Just how much of a sickness, a disease – an appendage or extremity – have our cell phones become on the Upper West Side? It now appears that we all came out of the womb with one in our hand. And this coming from an old fart living in the west 70s who still does not own one. I walk the streets and sit on the many benches of my ‘hood and astound in the plethora of neighbors whose heads are bowed to theirs: those without certainly have them in their pockets.
In the beginning we were all duly impressed with cell phone users who took their new toy out on Columbus, Amsterdam, Broadway -- to astonish passersby while hailing a cab, sitting in a restaurant, or just walking about. That no longer works; the entire world now has a cell phone. We’ve had to find new and creative ways to impress others with our perceived self-importance insofar the cell phone has become just another accessory.
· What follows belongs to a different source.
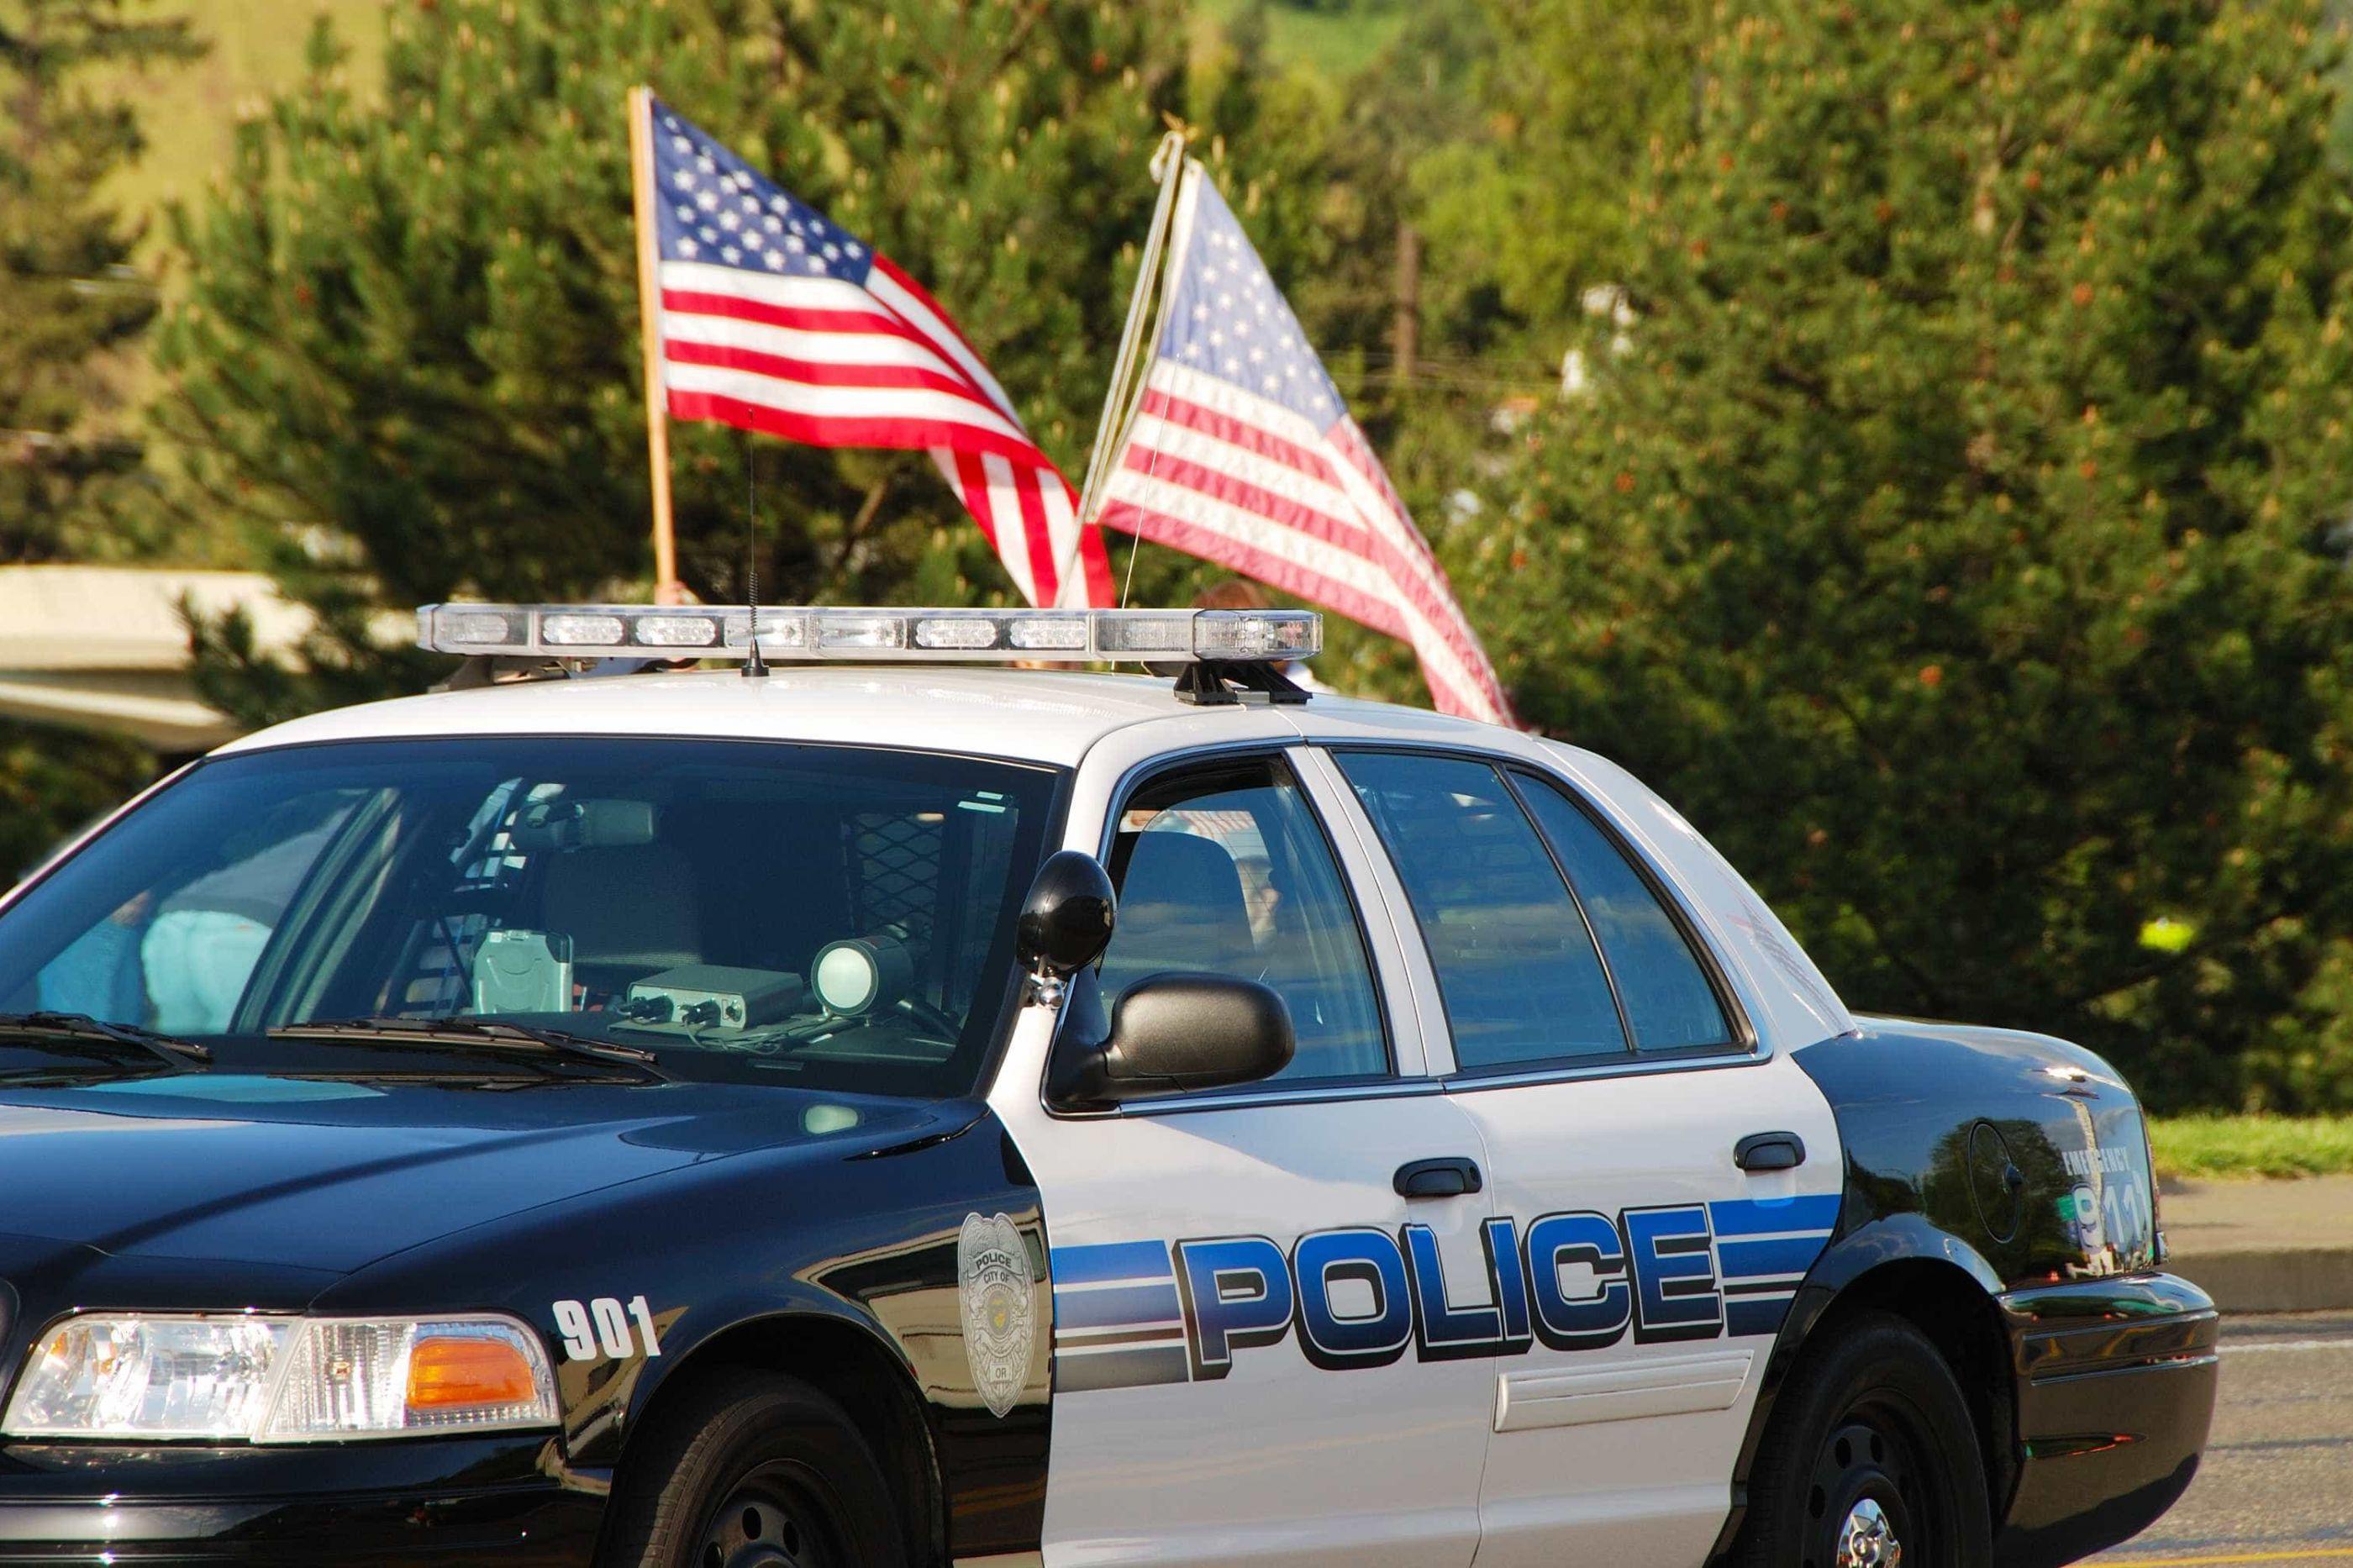 Quatro pessoas encontradas mortas em empresa nos Estados Unidos

While there’s no disputing that they have become essential to track our kids, report or record an accident or crime with cell cameras – do business – or just alert another that we’re late and on our way, still others want to call attention to themselves by blabbing in the most inappropriate places. A man entering a men’s room stall at the AMC Lowes Lincoln Square talked loudly on his unit while about to do his business. That his conversation was so important it could not wait until he took a “you-know-what” is what I asked myself.
Cell users think nothing of invading our space by talking loudly on the 1, 2, and 3 – the 7, 10, 11 and 104 bus lines, or just sitting on a park bench. Another “crazy” entered a men’s room with his cell camera to take a picture of a famous actor leaking at a urinal. True story. With visions of the picture going viral dancing in his head, said actor jumped the man (I hope he zipped-up first), seized the phone, and did what with it, I’m not sure. Sadly, cells have become the cause of increased crime by snatch-and-run thieves of the Upper West Side -- the cause of road accidents by cabbies, food delivery young men on bicycles, and others who insist on talking or texting while driving. Teenagers use them for “sexting” – or to bury their faces walking down a street not looking where they’re going. But then nannies of the UWS give more attention to their device than to the children in their charge.
While sitting on CPW recently, where I often go to read and tourist-watch, I was accosted by a cell phone user who chose to sit next to me, talk loudly, and disturb my reading. I told him once, twice and a third before I got up, went to him and began singing in his face at the top of my lungs. The man was dumbfounded; I was disturbing his call. No kidding; you’re disturbing my reading. He got the point and moved on.
The stories abound, and some are humorous but for the fact that they’re pathetic. Picture a parked-by-night police cruiser at the corner of W. 74th and Amsterdam, with two eerie faces aglow to passersby through the windshield: two cops playing games on their electronic device. Or, how about the jogger at the entrance to the Park at West 72nd, who has completed his run only to stretch one leg and check his phone, stretch the other and check his phone, and continue the process for all the rest of his body. And to think he carried it through his entire run.
Don’t tell me this isn’t a disease: you’re wrong. I ask each of you to give up your device for a week, and let me know how you feel.